My recommendations regarding LangSAM are to:
- Choose objects that are distinct from other objects in the scene in terms of shape and color
- Spend time experimenting with different prompts
- Use an LLM to generate prompts to try
- Use bounding box prompting for SAM (instead of points)
Here is my fork of FoundationPose: https://github.com/jmcoholich/FoundationPose.
Here are more tips for running FoundationPose from the authors: https://github.com/NVlabs/FoundationPose/issues/44#issuecomment-2048141043 https://github.com/030422Lee/FoundationPose_manual
A huge thanks to the FoundationPose authors for developing and releasing this model! Also thank you to Justin Wit for helping me setup tasks and collect data for all the experiments shown.
References
Devlin, Jacob, Ming-Wei Chang, Kenton Lee, and Kristina Toutanova. "Bert: Pre-training of deep bidirectional transformers for language understanding." In Proceedings of the 2019 conference of the North American chapter of the association for computational linguistics: human language technologies, volume 1 (long and short papers), pp. 4171-4186. 2019.

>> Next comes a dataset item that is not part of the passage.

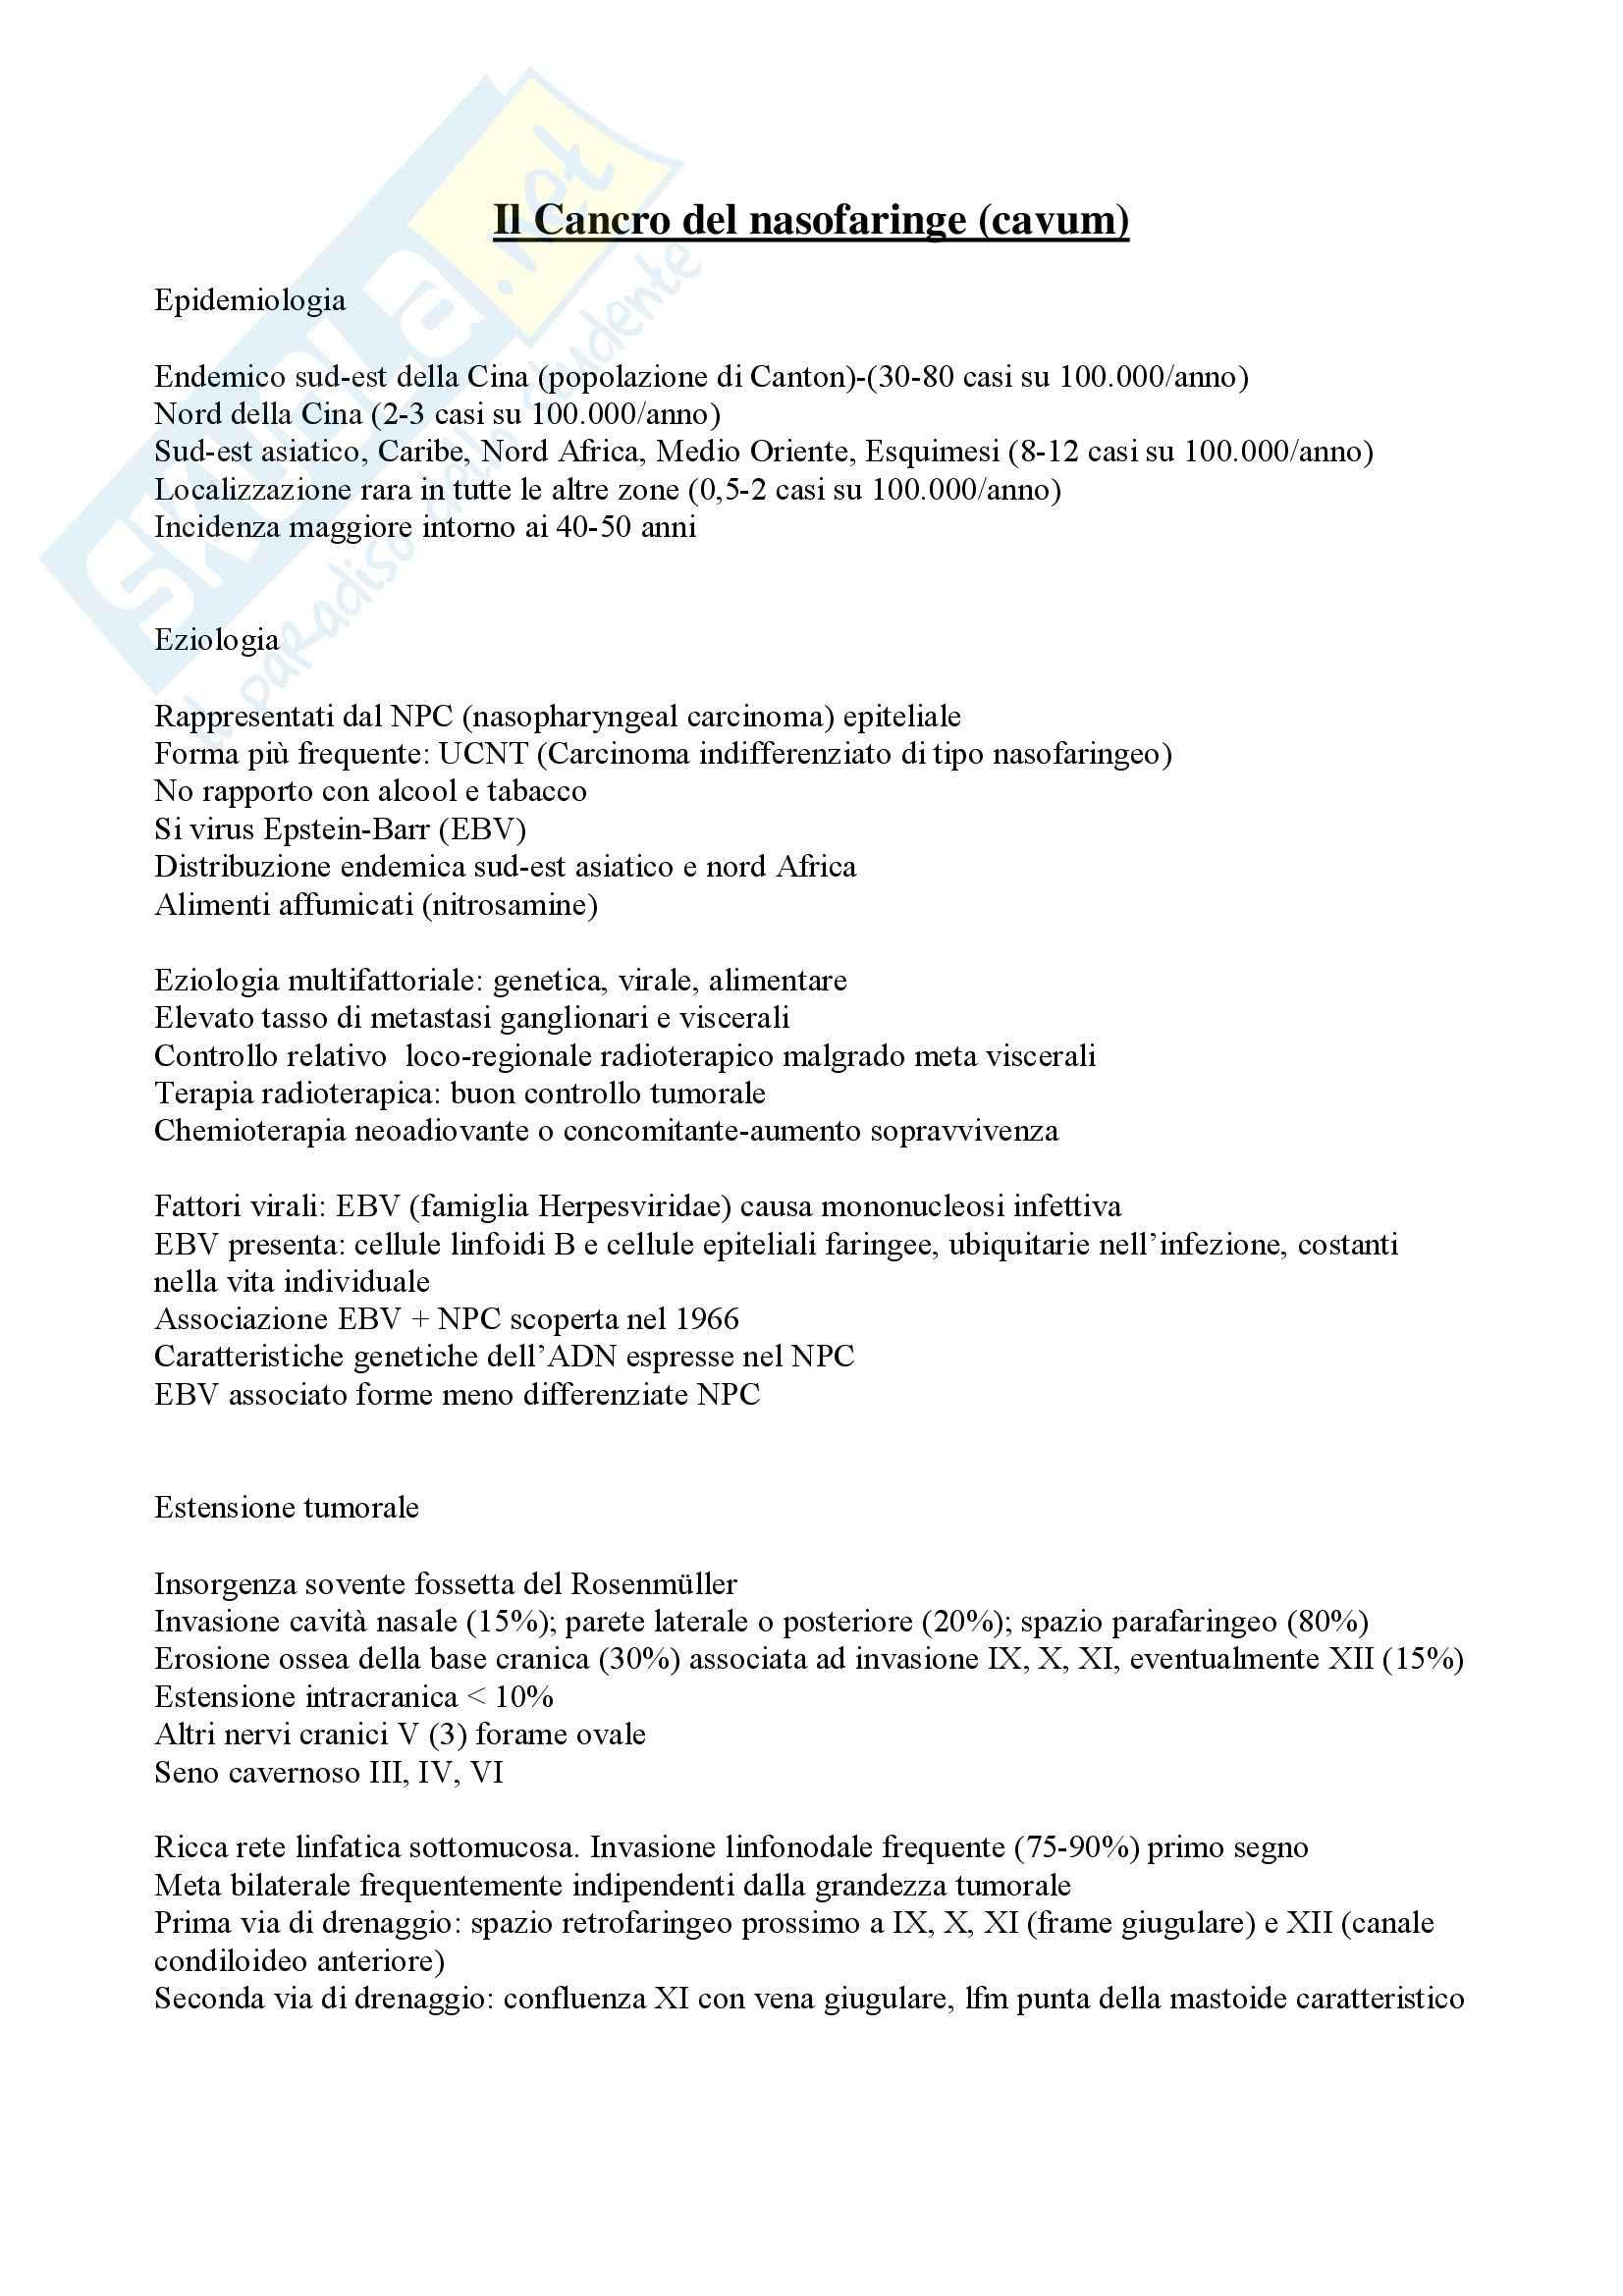 Rinofaringe - Cancro

Kirillov, Alexander, Eric Mintun, Nikhila Ravi, Hanzi Mao, Chloe Rolland, Laura Gustafson, Tete Xiao et al. "Segment anything." In Proceedings of the IEEE/CVF international conference on computer vision, pp. 4015-4026. 2023.
Liu, Shilong, Zhaoyang Zeng, Tianhe Ren, Feng Li, Hao Zhang, Jie Yang, Qing Jiang et al. "Grounding dino: Marrying dino with grounded pre-training for open-set object detection." In European Conference on Computer Vision, pp. 38-55. Cham: Springer Nature Switzerland, 2024.
Medeiros, Luca. 2023. lang-segment-anything. GitHub. https://github.com/luca-medeiros/lang-segment-anything.
Ravi, Nikhila, Valentin Gabeur, Yuan-Ting Hu, Ronghang Hu, Chaitanya Ryali, Tengyu Ma, Haitham Khedr et al. "Sam 2: Segment anything in images and videos." arXiv preprint arXiv:2408.00714 (2024).
Wen, Bowen, Jonathan Tremblay, Valts Blukis, Stephen Tyree, Thomas Müller, Alex Evans, Dieter Fox, Jan Kautz, and Stan Birchfield. "Bundlesdf: Neural 6-dof tracking and 3d reconstruction of unknown objects." In Proceedings of the IEEE/CVF Conference on Computer Vision and Pattern Recognition, pp. 606-617. 2023.
Wen, Bowen, Wei Yang, Jan Kautz, and Stan Birchfield. "Foundationpose: Unified 6d pose estimation and tracking of novel objects." In Proceedings of the IEEE/CVF Conference on Computer Vision and Pattern Recognition, pp. 17868-17879. 2024.
Zhang, Hao, Feng Li, Shilong Liu, Lei Zhang, Hang Su, Jun Zhu, Lionel M. Ni, and Heung-Yeung Shum. "Dino: Detr with improved denoising anchor boxes for end-to-end object detection." arXiv preprint arXiv:2203.03605 (2022).